Ischemic Heart Disease

Ischemic heart disease results from imbalance between the myocardial need for oxygen and the adequacy of the blood supply.
The cause of reduction in coronary blood flow is atherosclerotic narrowing of the coronary vessel in 85-95% of cases. Ischemic heart disease can be classified depending upon the rate of development of arterial narrowing
• Myocardial Infarction (MI, AMI)
• Angina pectoris
• Ischemic cardiomyopathy

Myocardial infarction

Myocardial infarction is frequent fatal form of IHD (ischemic heart disease), it usually result from sudden reduction or arrest of a significant portion of coronary flow. In this case thrombotic occlusion is almost always present in one or more coronary arterial trunk.

Angina Pectoris

√ Angina pectoris is a symptom complex consisting of severe chest pain resulting from transient ischemia. Most often it is precipitated by exercise or exertion and relieved by rest or sublingual nitroglycerin.
√ The underline cause of such episodic pain is coronary atherosclerosis and sometimes thrombotic occlusion of smaller coronary branches.
√ Ischemia Cardio Myopathy
It is generally seen in the later decades of life in patients who had slow progressive impairment of the coronary blood flow leading eventually to myocardial, ischemic and diffuse fibrotic changes
Pathogenesis of IHD
Pathogenesis of all forms of IHD is an imbalance between myocardial oxygen supply and demand. Three factors are involved
• The adequacy of coronary arterial flow
• The level of myocardial metabolic demand
• Oxygen transport capacity of blood

Morphological Types

There are 4 types of IHD, two of them are mentioned below:
Transmural infarcts mostly occur in left ventricle and occasionally they may extend into the left atrium or immediate adjacent portion of the right ventricle.
The thicker walls of left ventricle carrying most of the cardinal work load, is more vulnerable to hypoxia than the thinner walled, light ventricle and atria.
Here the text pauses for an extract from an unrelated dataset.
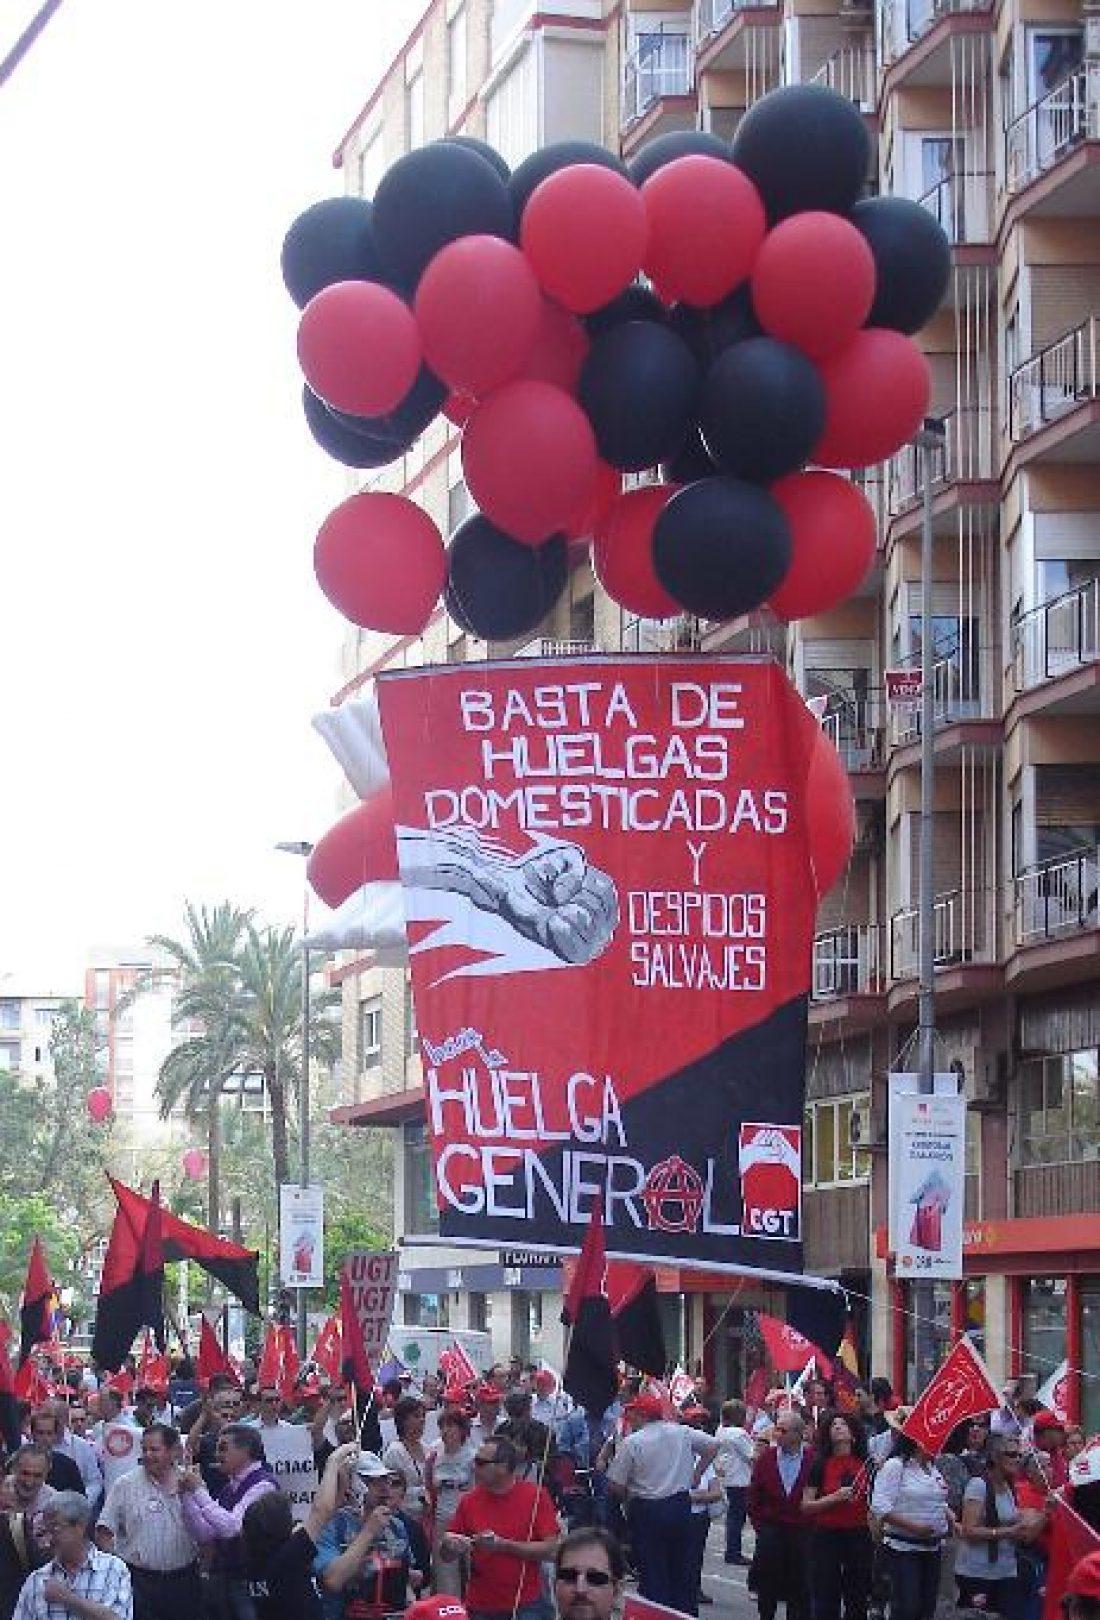 Lxs trabajadorxs de Santa Bárbara se concentran frente al Parlamento andaluz

The classical intramural infract extend from the endocardium to the Beta Blockerseipicardium They may be as small as 2.5cm in transverse diameter or may be massive in size and may involve the entire circumference of the left ventricle. Usually infarct ranges from 4-10cm in longest dimension.
If there is blockade of left anterior ascending coronary artery, which is in 40-50% of cases, infarct is seen in the anterior wall of left ventricle near apex and anterior 2/3rd of the intraventricular septum.
Blockade right coronary artery seen in 30-40% of cases and its result in the infarction of posterior wall of left ventricle and posterior 1/3rd of intraventicular septum.
Blockage of left circumflex coronary artery seen in 15-20% of cases and results in infarct of lateral wall of left ventricle.

Histo-pathological Pattern of Myocardial Infarction

The histo-pathological changes occur in more or less orderly progression.
Under the light microscope the cellular coagulative necrosis is not detectable for first 4-6 hours However at this time, stretching and waviness of myocardial fibers at the bottom of infarct may appear within and after an hour of ischemia.
Usually within 24 hours, the myocardial fibers undergo sufficient enzyme changes to yield classic coagulative necrosis. The coagulative changes are almost always accompany by some interstitial edema,
fresh hemorrhage, and scant marginal neutrophilic exudation. On electron microscopy, within 10-15 minutes of coronary occlusion, depletion of glycogen occur, along with slight dilatation of mitochondria, slight margination of nuclear chromatin. These changes are reversible but after 20-60mins of ischemia, mitochondrial swelling increases and amorphous densities appear in the mitochondrial matrix. These changes are the early signs of irreversible injuries.
At the same time clamping of chromatin becomes evident at the periphery of the nuclei.

Clinical course of the Myocardial Infarct

The diagnosis of acute MI is based upon
• Clinical history
• ECG changes
• Alteration of serum enzymes

Clinical history

Typical the cardinal pain in sudden onset with sever constricting, crushing or burning sub-sternal or pericardial pain. That afterwards radiates to the left shoulder, arm or jaw. It is often accompanied by sweating, nausea, vomiting or breathlessness.
Occasionally, the clinical features are much less specific with burning, sub-sternal or epigastria discomfort which is interpreted as indigestion or heart burn.

ECG Changes

These consist of new Q-wave along with ST wave changes in the case of transmural infarct.
Only ST waves changes in sub-endocardial infarct.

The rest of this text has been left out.